Looks very simular to a black Headed Gull, is slightly smaller and has a black beak instead of a red beak.
Located on the Thurso River, Thurso.



I wasn't going to post this pic because the Maderin Duck pic was already on the forum.
Kas insisted i did.
This is one of the two on the pond at Thurso who are thought to be escapees.

----------


## WeeBurd

Stunning pic of the Mandarin, Colin!

----------


## kas

Great shots there, the Mandarin is fantastic. Lets hope we have the same luck with the cetaceans this year.

----------


## the_count

I'd heard there was a Bonapartes in thurso but thought it had left already lol.
And I was gonna pop into thurso to get pictures of the mandrins today but the cars off the road ... typical lol  ::

----------


## Kenn

Lovely pictures as always Colin, But why Bonaparte's Gull?

----------


## gollach

> Lovely pictures as always Colin, But why Bonaparte's Gull?

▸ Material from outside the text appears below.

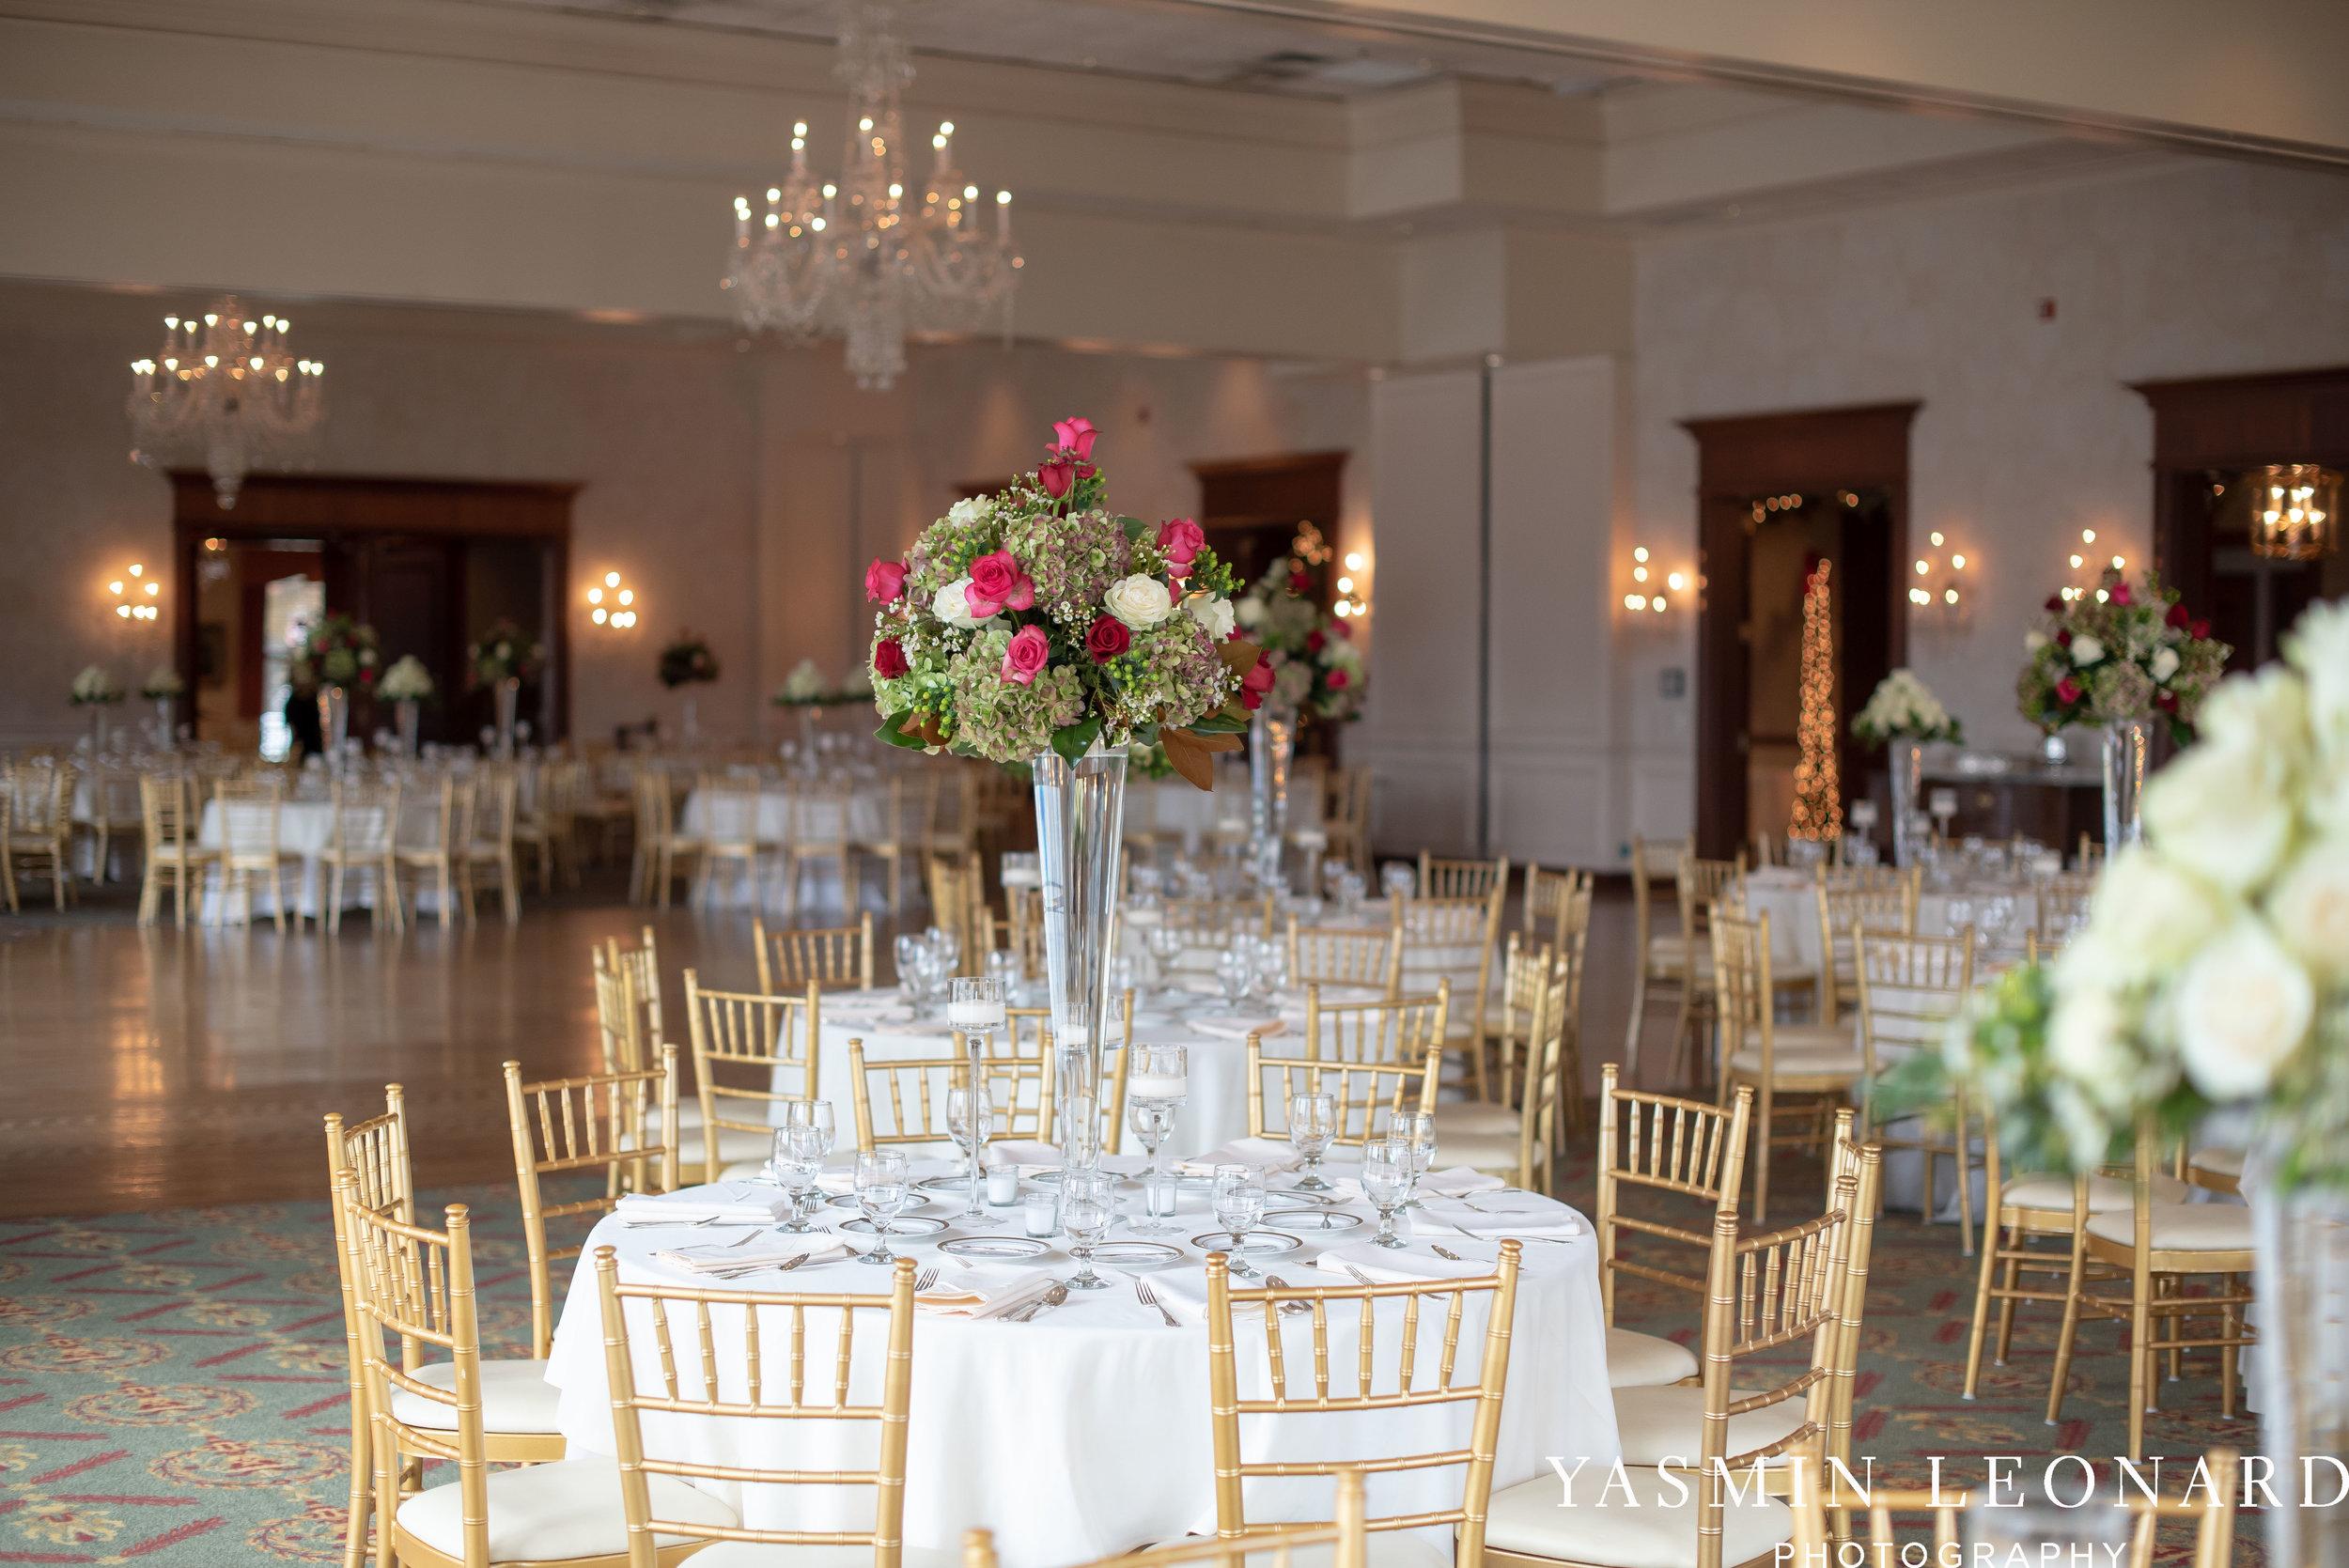 Wesley Memorial UMC - High Point Country Club - Emerywood Country Club - High Point Weddings - High Point Wedding Photographer - Yasmin Leonard Photography-28.jpg

named after Prince Charles Lucien Bonaparte, a zoologist and nephew of Napoleon

more at 
http://en.wikipedia.org/wiki/Bonaparte's_Gull 
and 
http://www.birds.cornell.edu/AllAbou...rtes_Gull.html

----------


## Kenn

Many thanks gollach.

----------


## kas

My attempts, not as good as yours but still good for me.

----------


## kas

What we gonna find next weekend then. Our first dolphins maybe?

----------


## Seabird

As you know i've had two sightings of Dolphins so far this year but alas not within camera range.
But i live in hope, but failing that there's always Chanonry Point.

Colin

----------


## bluelady

lovely pics Colin  :Wink:

----------


## grumpyhippo

Had a wander down to the boating pond this morning, they're still there and what a pair of posers they are.......

----------


## Kenn

Great pics as always grummyhippo, are these two going to be the most photographed birds in Caithness?

----------